» Supplied data:
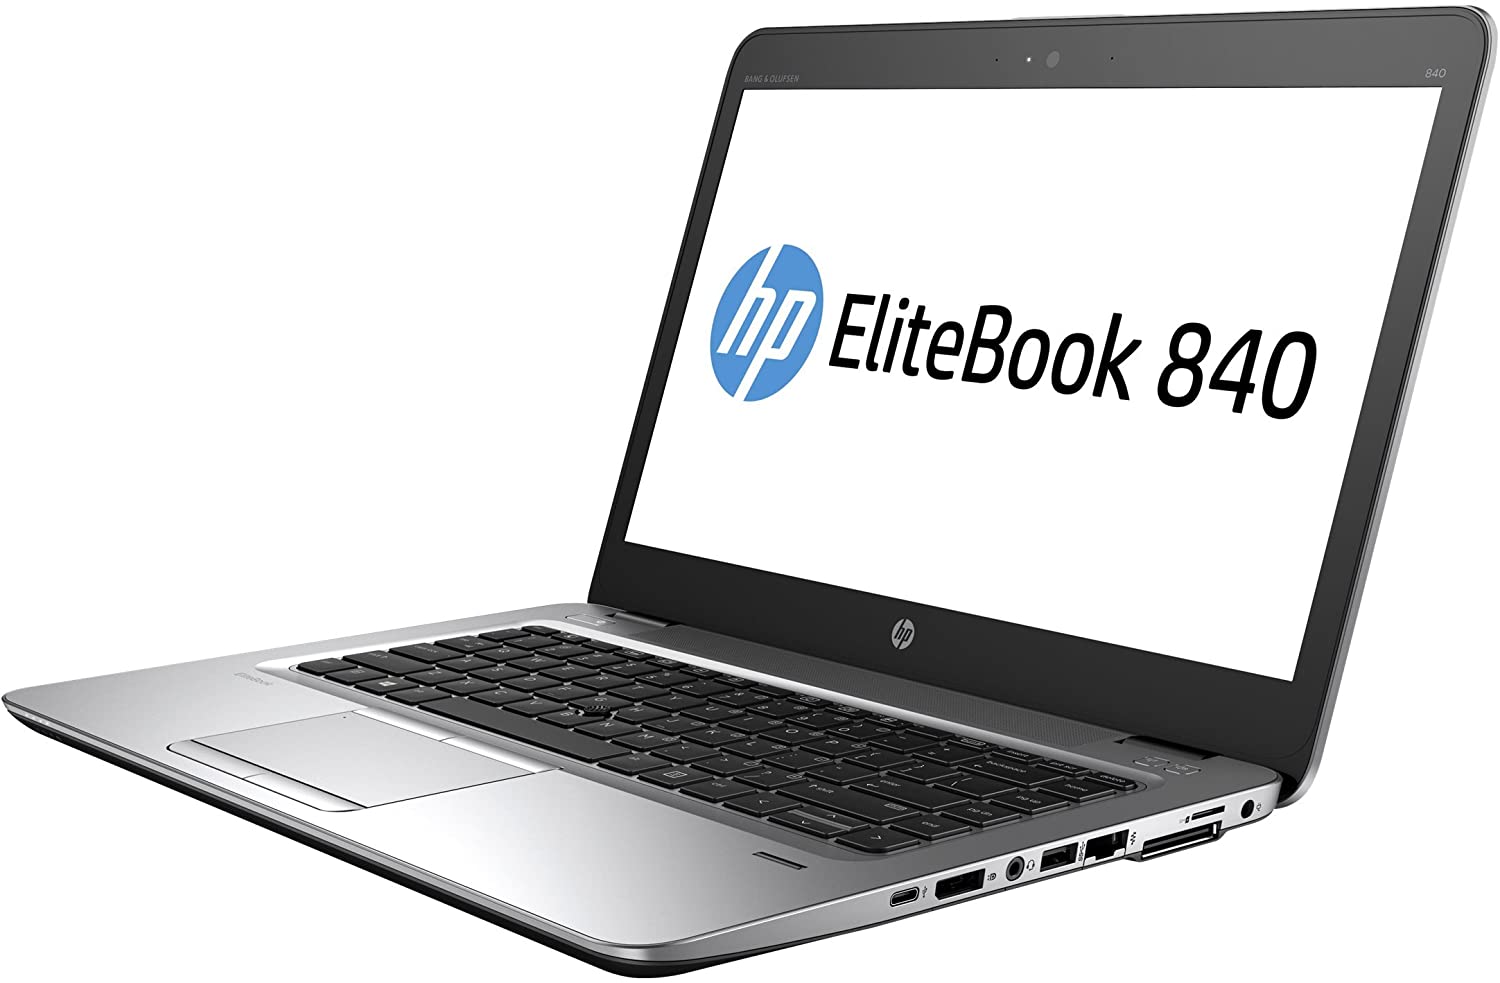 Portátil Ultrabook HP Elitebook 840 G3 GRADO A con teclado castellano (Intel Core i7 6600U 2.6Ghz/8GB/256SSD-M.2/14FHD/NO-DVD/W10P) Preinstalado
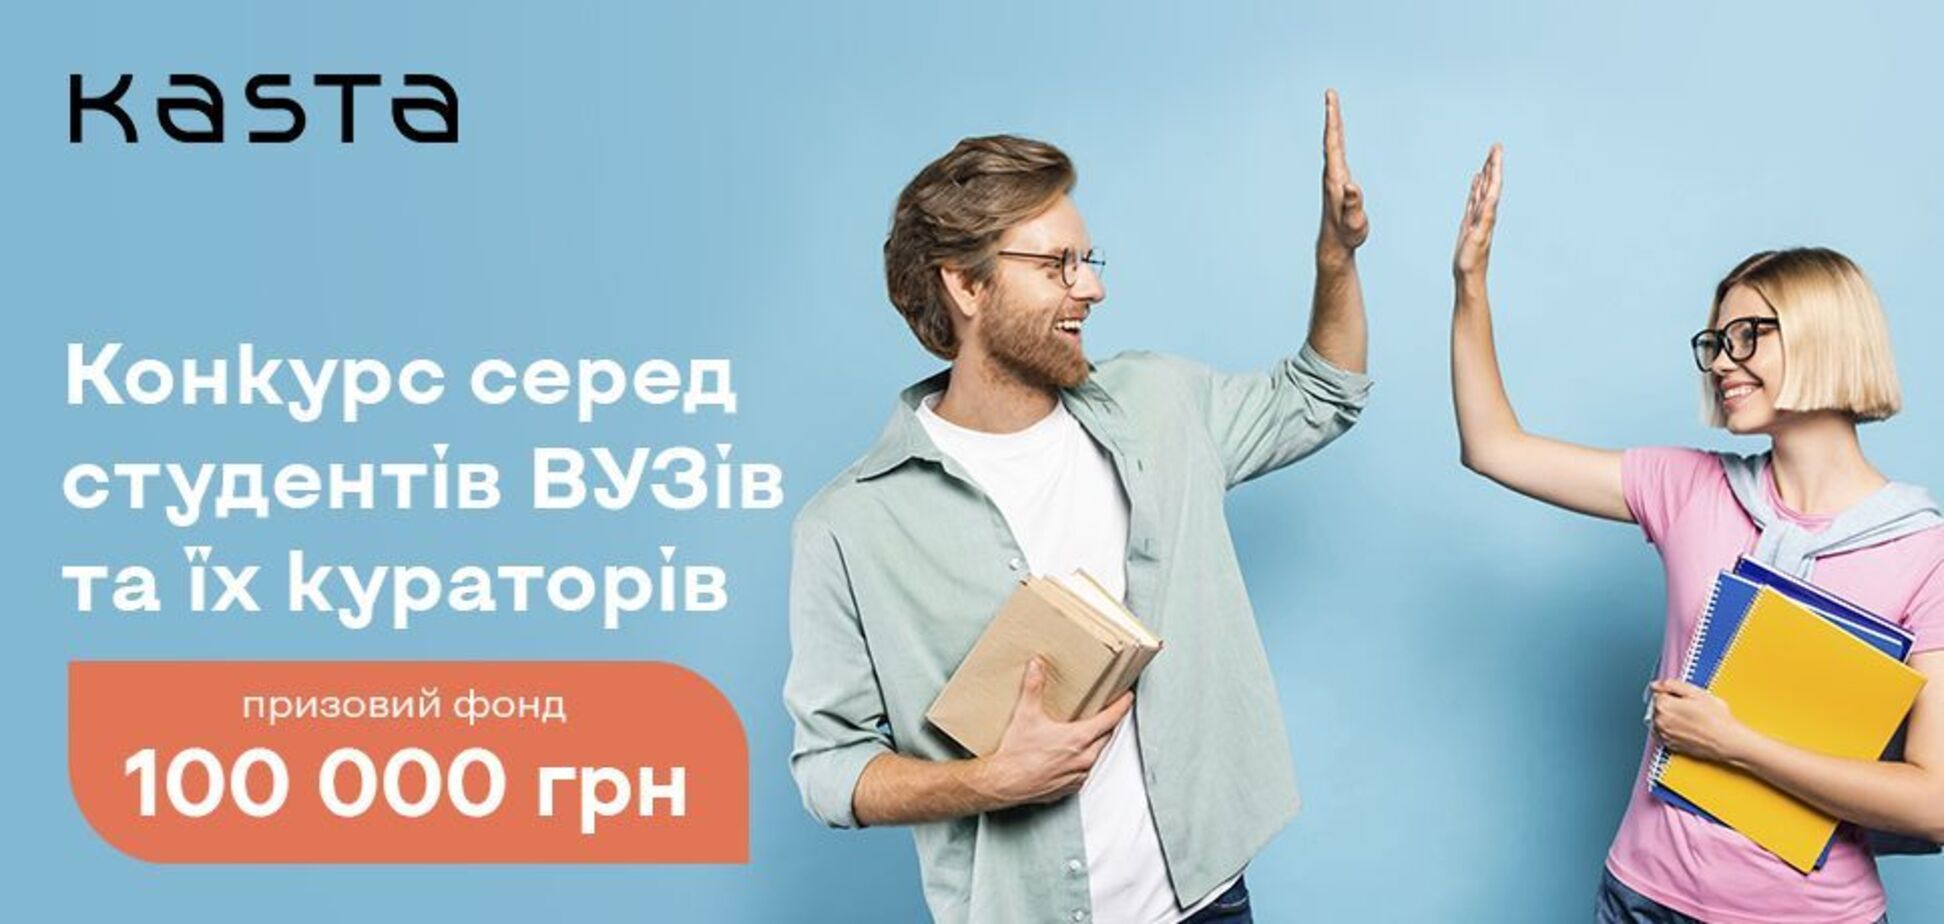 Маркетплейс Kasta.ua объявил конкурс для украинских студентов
...
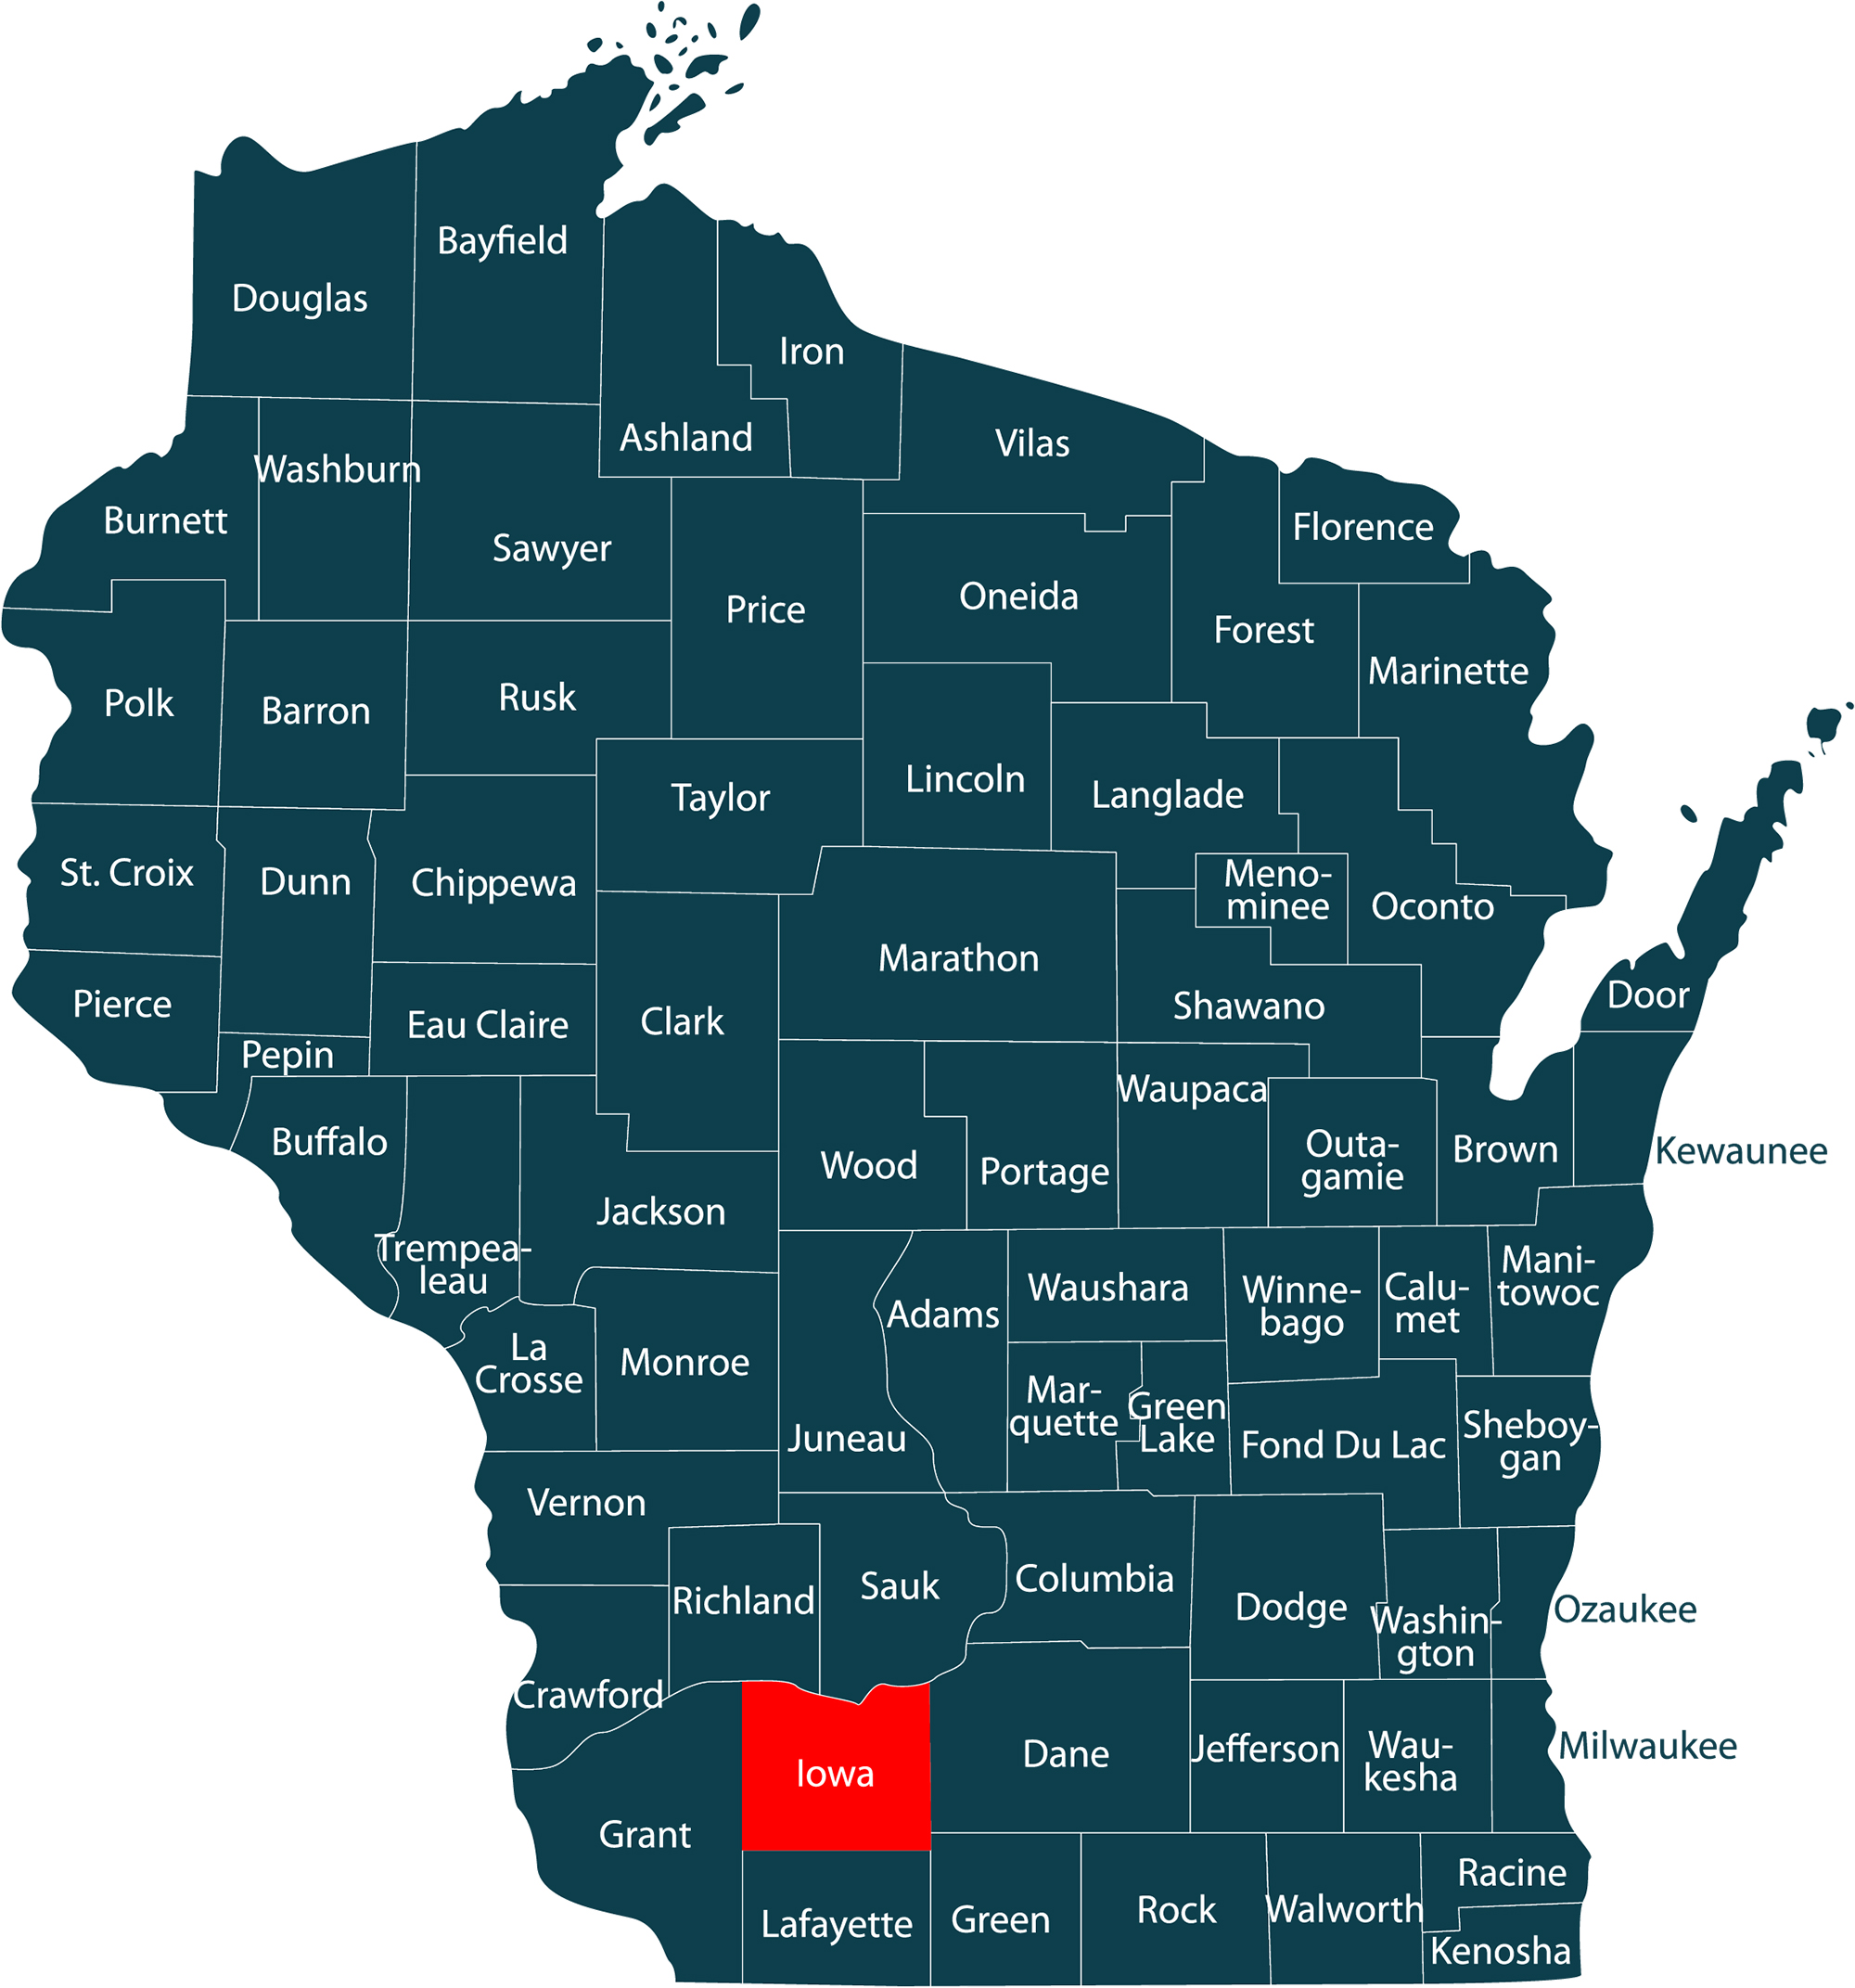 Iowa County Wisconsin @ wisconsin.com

» Task item: Output only the lines above from the one containing "Portátil Ultrabook HP" to the one containing "Маркетплейс Kasta.ua объявил", both included, exactly as written and with no pictures.

» Result below:
 Portátil Ultrabook HP Elitebook 840 G3 GRADO A con teclado castellano (Intel Core i7 6600U 2.6Ghz/8GB/256SSD-M.2/14FHD/NO-DVD/W10P) Preinstalado
 Маркетплейс Kasta.ua объявил конкурс для украинских студентов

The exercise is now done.